▶ _WHAT IS EXPECTED_: Every line of the listing should be retyped exactly, but none of the pictures should be.

▶ _DATA SECTION_:

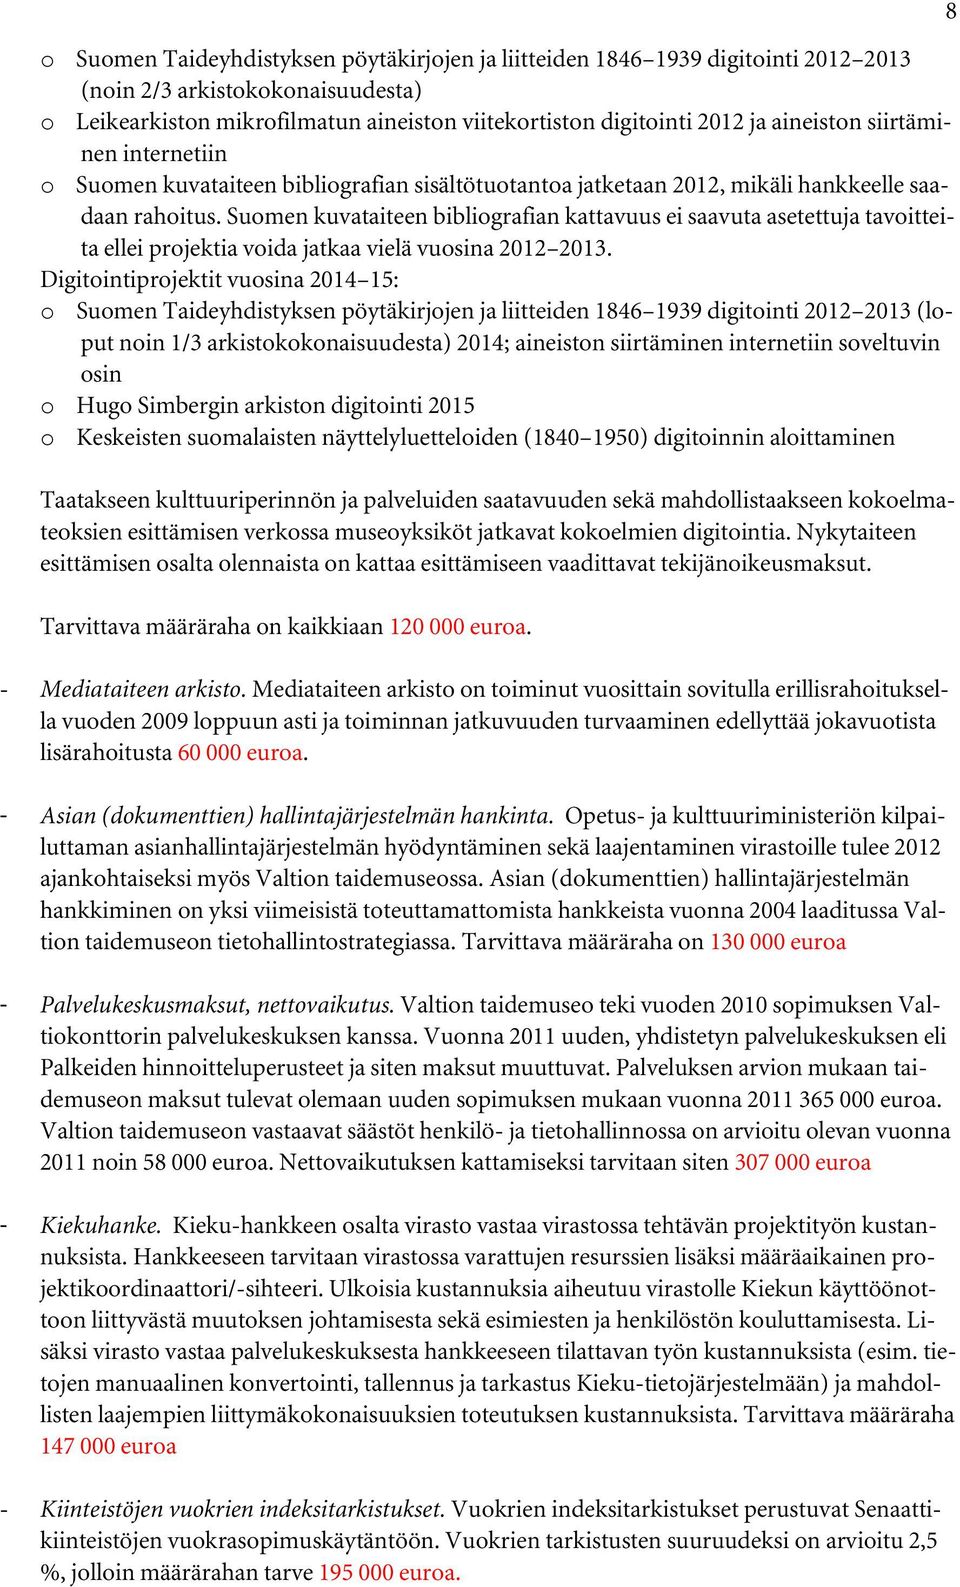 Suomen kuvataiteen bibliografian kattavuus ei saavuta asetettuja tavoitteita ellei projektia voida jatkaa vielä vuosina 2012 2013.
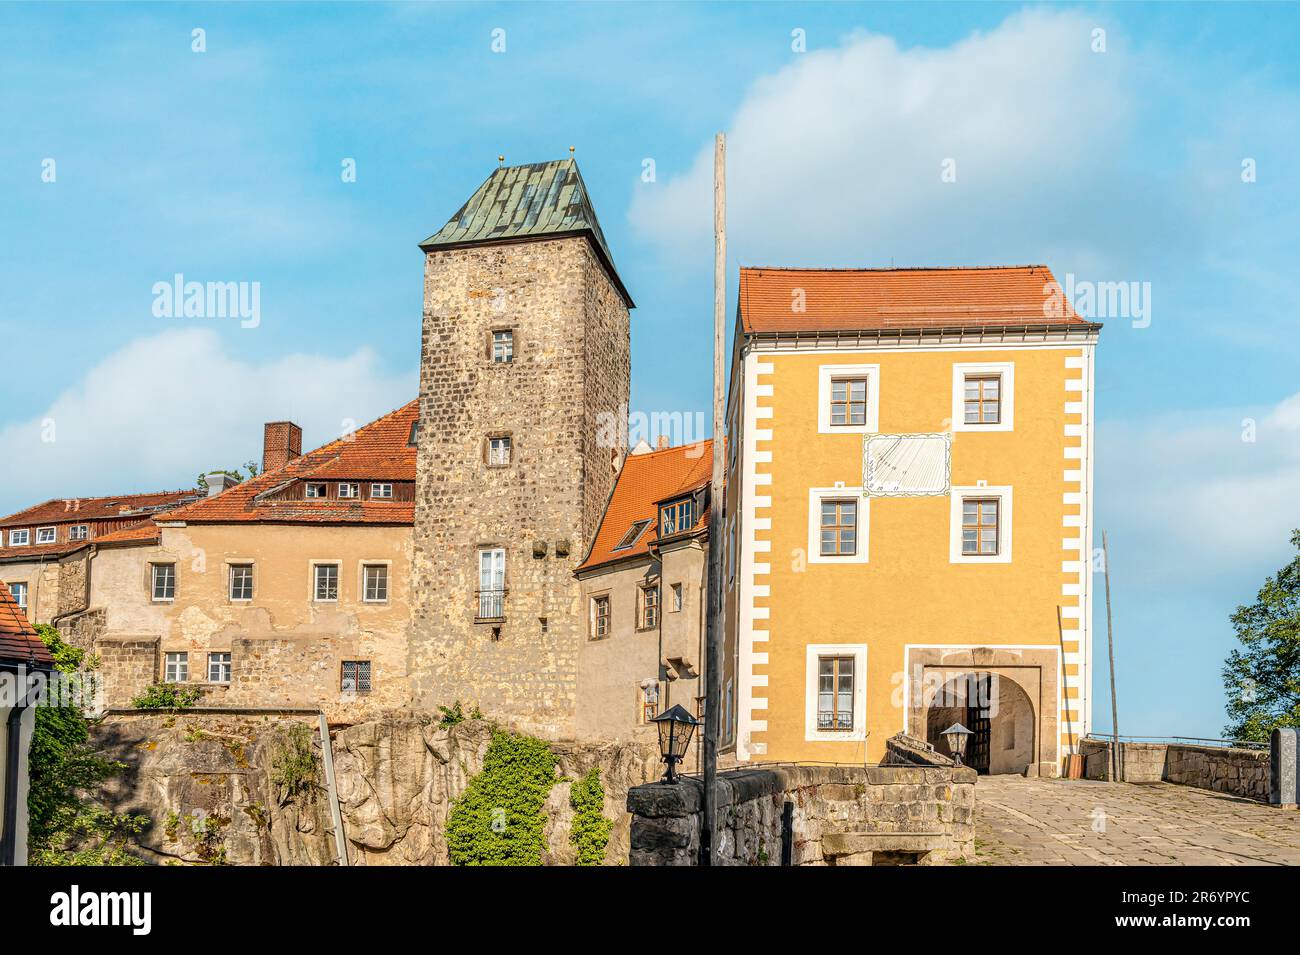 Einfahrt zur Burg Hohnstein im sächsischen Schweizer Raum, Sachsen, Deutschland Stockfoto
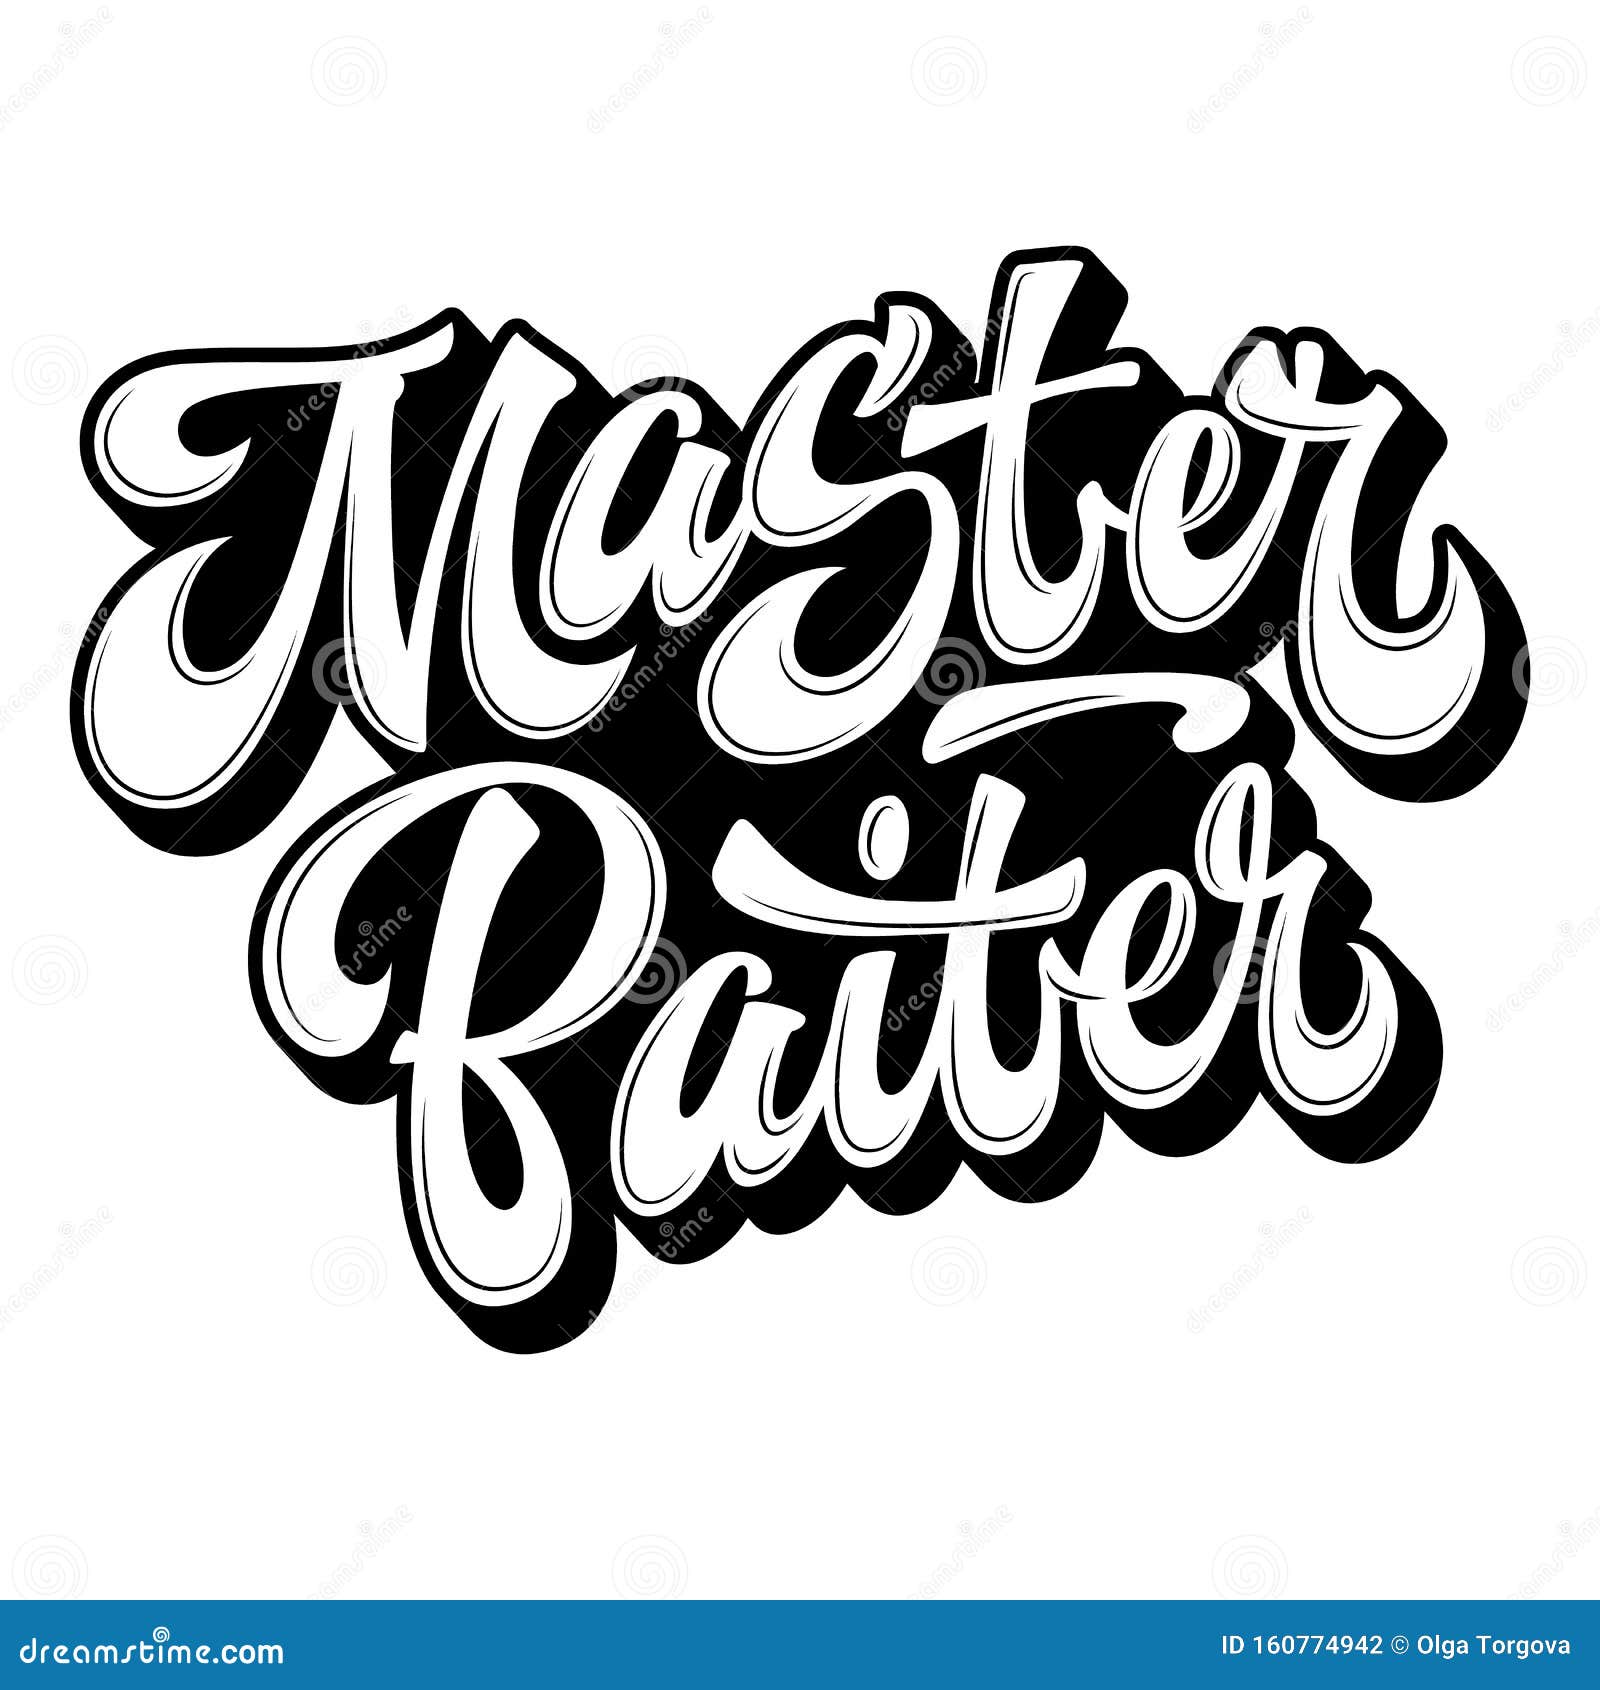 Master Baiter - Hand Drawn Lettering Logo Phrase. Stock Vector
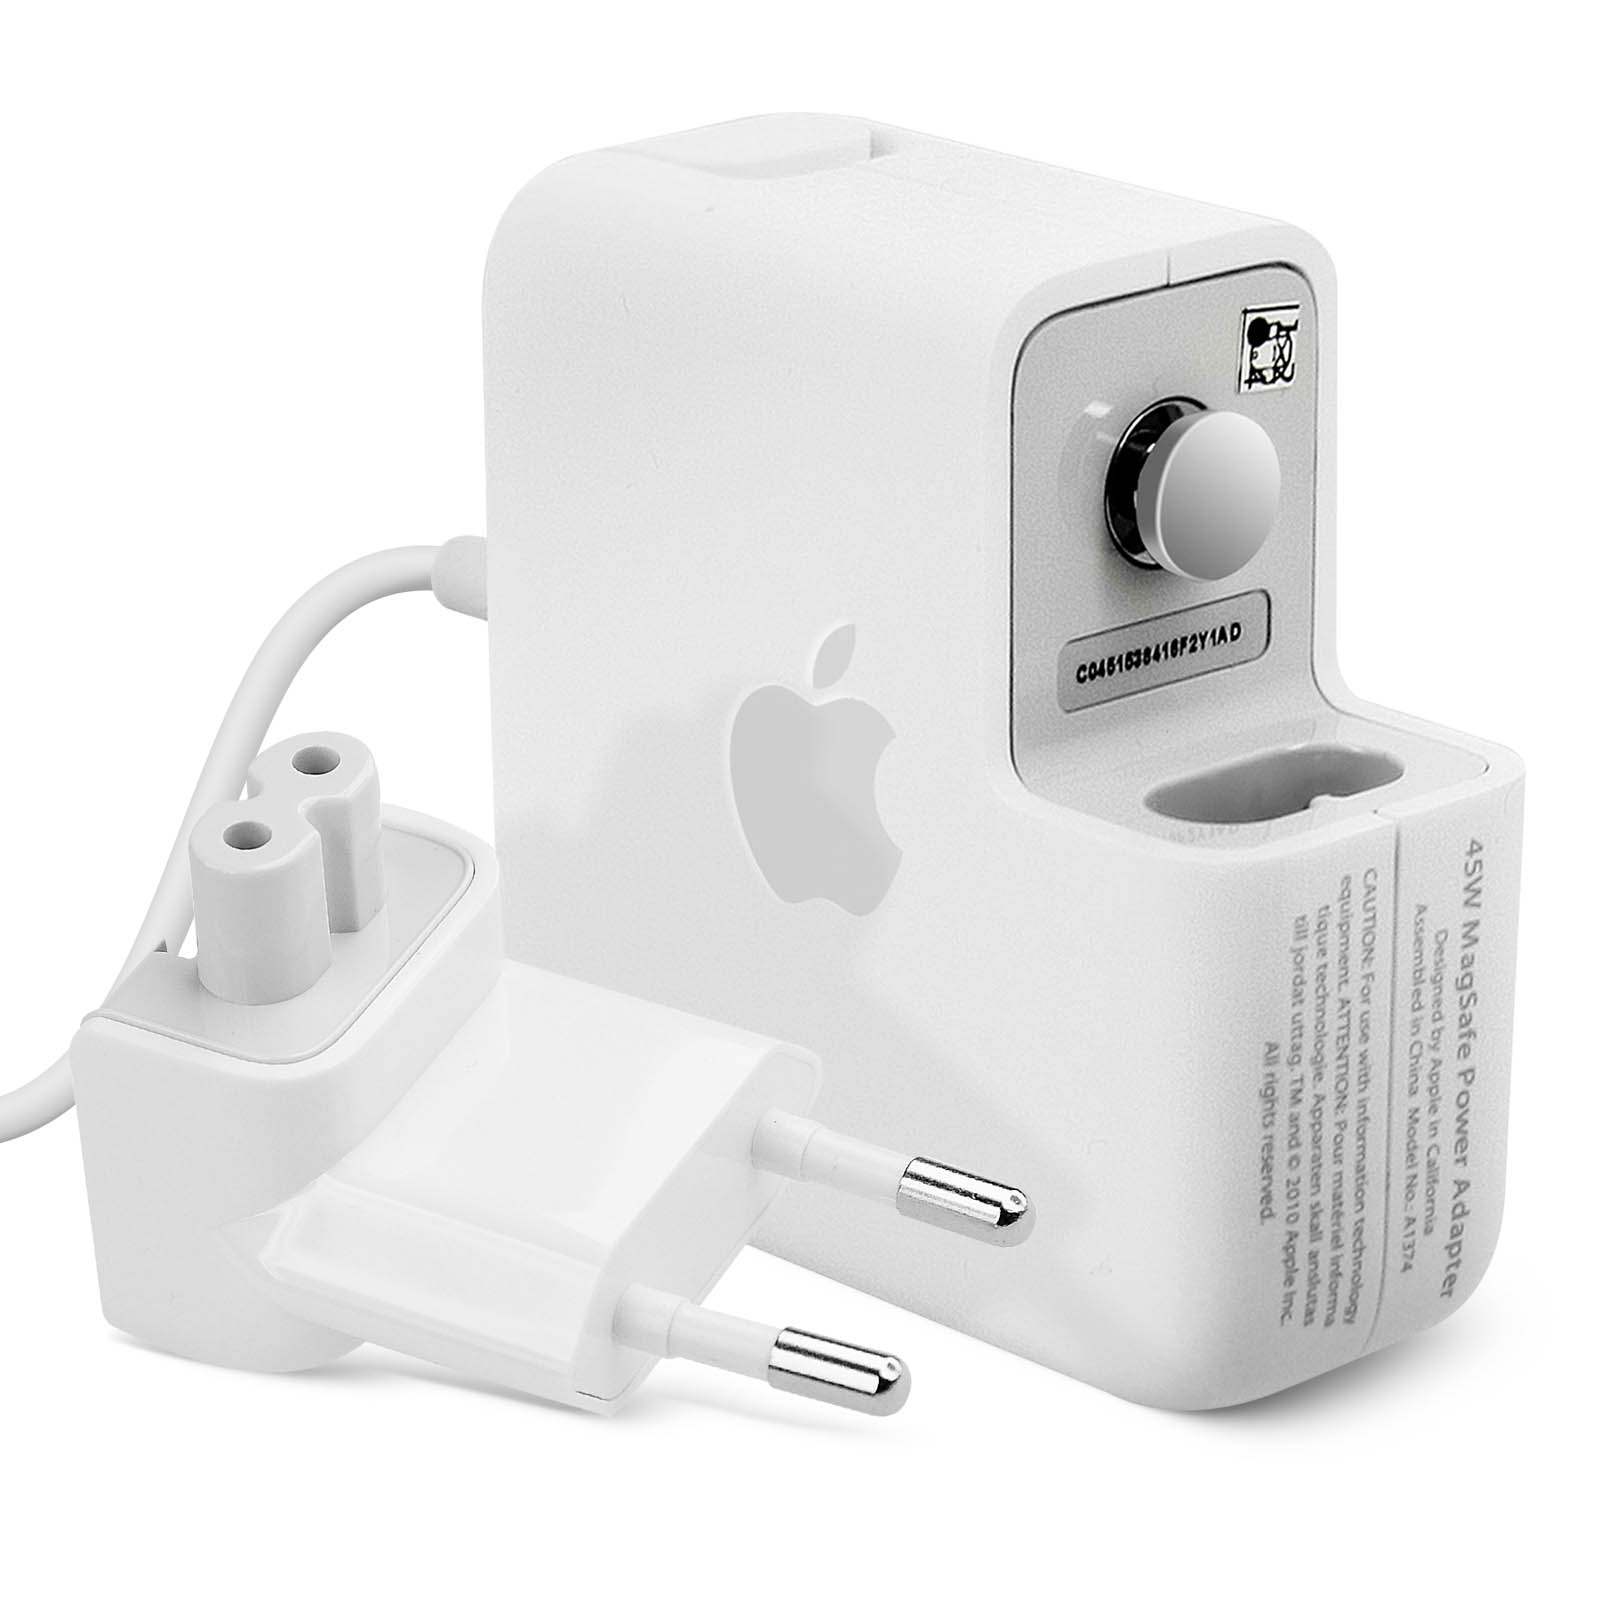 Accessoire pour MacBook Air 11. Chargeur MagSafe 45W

▶ _RESULT OF THE TASK_:
 Suomen kuvataiteen bibliografian kattavuus ei saavuta asetettuja tavoitteita ellei projektia voida jatkaa vielä vuosina 2012 2013.
 Einfahrt zur Burg Hohnstein im sächsischen Schweizer Raum, Sachsen, Deutschland Stockfoto
 Master Baiter - Hand Drawn Lettering Logo Phrase. Stock Vector
 Accessoire pour MacBook Air 11. Chargeur MagSafe 45W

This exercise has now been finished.